More practically, habit-driven products tend to plateau in a particular way: usage is high, satisfaction is flat, and the moment a credible alternative appears, the cohort is gone.

The behavior was sticky; the relationship was not.

Designing for ritual

Designing for ritual is not a softer version of designing for habit. It is a different brief, and it asks for different choices:

  • Make the opt-in explicit. Ritual begins with consent. The user should know what they are signing up for, and the product should treat that knowing as a feature, not a friction.
  • Honour pause states. A ritual that cannot be skipped without guilt is a coercion. Build graceful 'not today' affordances and treat them as healthy, not as churn risk.
  • Build narrative continuity. Rituals carry meaning across sessions. Show the user the thread — what they did last time, what this session is part of — so the action accumulates into a story rather than a streak.
  • Design real off-ramps. A product the user can leave without punishment is a product the user is choosing to stay in. The off-ramp is a feature of the relationship.
  • Reinforce identity, not usage. The reward at the end of a ritual is who the user is becoming, not how many sessions they have logged.

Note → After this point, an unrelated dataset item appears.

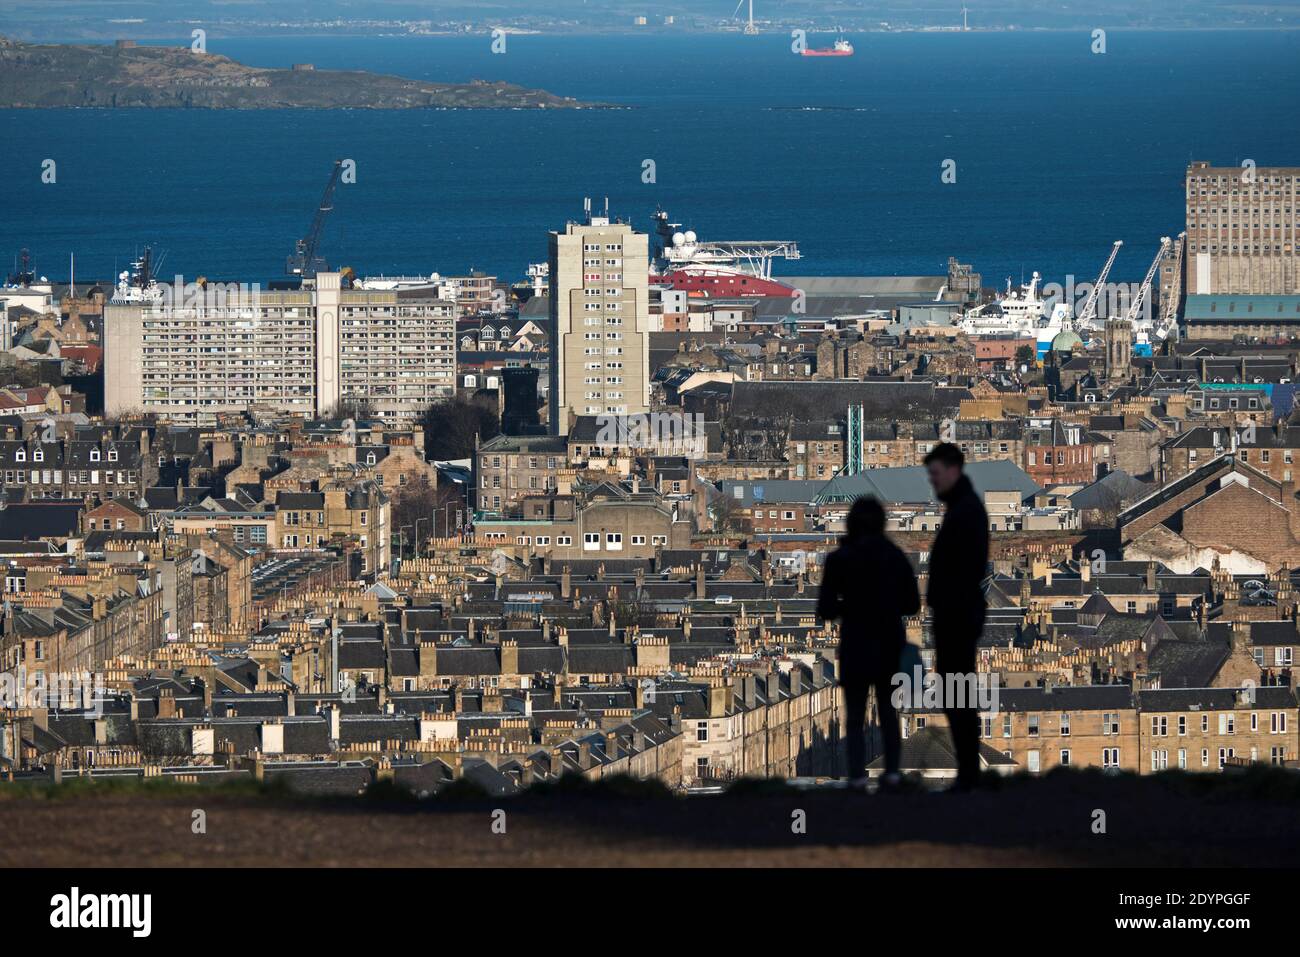 Die Silhouette eines Paares, das auf Calton Hill steht und nach Norden in Richtung Leith und Firth of Forth in Edinburgh, Schottland, Großbritannien schaut. Stockfoto

What changes when you measure rituals instead of habits

If you take this seriously, your dashboard changes. You stop optimising for daily active sessions and start watching the share of returns that are unprompted by a notification. You watch the proportion of sessions that end at a natural stopping point rather than a forced one. You watch recommendations and word-of-mouth, because rituals are the kind of behaviour people talk about. You watch depth on return, not just frequency of return. The numbers move more slowly, and they tell you something more truthful when they move.

We are not arguing that habits are bad or that loops are wrong. We are arguing that the loop is a tool, and that a tool optimised for one outcome — automaticity — is a poor default for products that want to be in their users' lives for a long time. Rituals are slower to build and harder to A/B test. They are also what users mean when they talk about the products they actually love.

The next decade of consumer product design will, we suspect, be a slow migration from one model to the other. The teams that get there first will discover that the most retentive thing a product can do is be worth choosing.